Hispanic Society Museum & Library, New York

November 6, 2025 – February 8, 2026

Portraits of kings and queens of the Spanish branch of the Habsburg dynasty have always drawn attention for their distinctive and instantly recognizable dress. In 1623, King Philip IV introduced a law banning ruffled collars as well as fabrics trimmed with gold and silver. This decision marked the emergence of a new visual code associated with the highest ranks of society: the dominance of black color. Over time, black color came to signify restrained elegance and status, and Spanish dress evolved into a lasting visual language of power, faith, and social hierarchy.

Spanish Style: Fashion Illuminated, 1550–1700 invites viewers to look more closely at this language. The exhibition examines how dress and accessories functioned in Spain from the mid-sixteenth to the late seventeenth century, shaping ideas of status, piety, and social order.

Image of the painting The Duchess of Alba by Francisco Goya
The Duchess of Alba. 1797. Francisco Goya. Hispanic Society of America. Public Domain

Paintings, works on paper, textiles, accessories, and devotional objects from the Hispanic Society’s collection are brought together to show how material and meaning intersected. Particular attention is given to fabric and surface: dense weaves, rigid collars, metallic threads, and heavy folds are treated not as decoration but as carriers of symbolism. Light and texture play as important a role here as cut or color.

The exhibition also traces how Spanish dress was perceived beyond Spain’s borders. Its visual language was widely legible across Europe and often associated with ideals of restraint, moral discipline, and political authority. Fashion thus became a tool through which Spain’s image was shaped both at home and abroad.

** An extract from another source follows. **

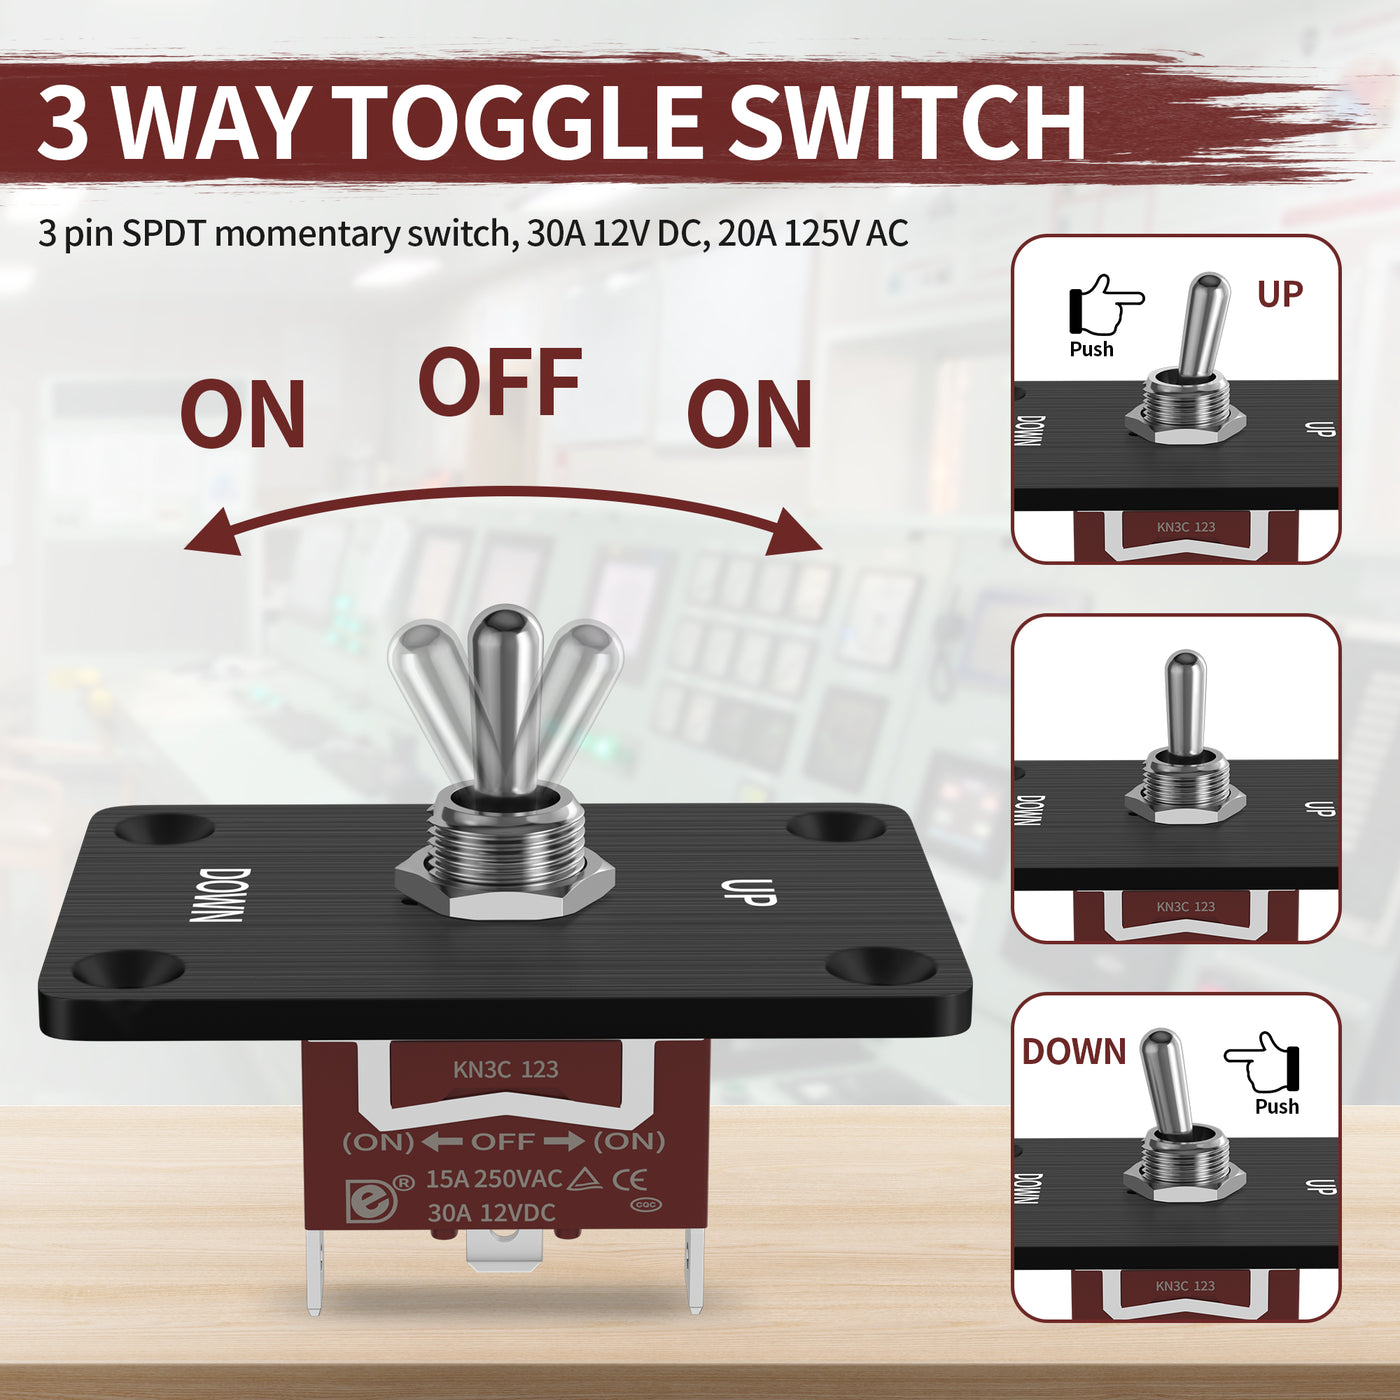 30A 12VDC SPDT 3 Way Momentary Toggle Switch with Plate and Cover - DAIER

The conversation continues beyond the galleries in Spanish Fashion in the Age of Velázquez, a book grounded in the life of Philip IV’s court tailor. Its author, art historian Amanda Wunder, is also the curator of the exhibition. The book shifts attention from the grand portraits of Velázquez to the everyday mechanics of court fashion: the rules, materials, constraints, and choices that shaped the visual code the exhibition invites us to read anew.

 

Spanish Fashion in the Age of Velázquez: A Tailor at the Court of Philip IV


Modern Art & Politics in Germany, 1910–1945

Albuquerque Museum

August 23, 2025 – January 4, 2026

This exhibition looks at one of the most difficult and fragile chapters in European art history, a period when artistic experimentation in Germany became directly entangled with political upheaval. Between 1910 and 1945, art increasingly lost its autonomy and was subjected to ideological pressure, censorship, and outright bans.

The exhibition traces how artists responded to a rapidly changing world, from prewar modernism and Expressionism to the sober and often unsparing vision of Neue Sachlichkeit. The works reflect not only formal innovation but also growing anxiety, social tension, and a sense of instability that long predated the rise of the Nazi regime.

Particular attention is given to the shifting position of the artist under mounting political control. For some, art became a form of resistance. For others, it led to exile, silence, or persecution. Against the backdrop of campaigns targeting so-called “degenerate art,” painting, drawing, and sculpture emerge not merely as aesthetic objects but as records of interrupted careers and fractured lives.

Rather than offering a comprehensive survey of German modernism, the exhibition draws a clear and uncompromising line. Art does not exist outside history. Here, the works are read as documents of their time, vulnerable, conflicted, and for that very reason, deeply relevant today.

 

Modern Art and Politics in Germany 1910–1945

 

It has been a great year spent with art, and we are grateful to be closing it in such good company. Thank you to everyone who reads us, buys exhibition catalogs from us, or simply reaches out with thoughtful feedback. In a world of digital speed, AI, and constant productivity, taking time to look at a painting made by a human hand feels more special than ever. Take care, keep loving art, and wishing you happy holidays and a wonderful New Year.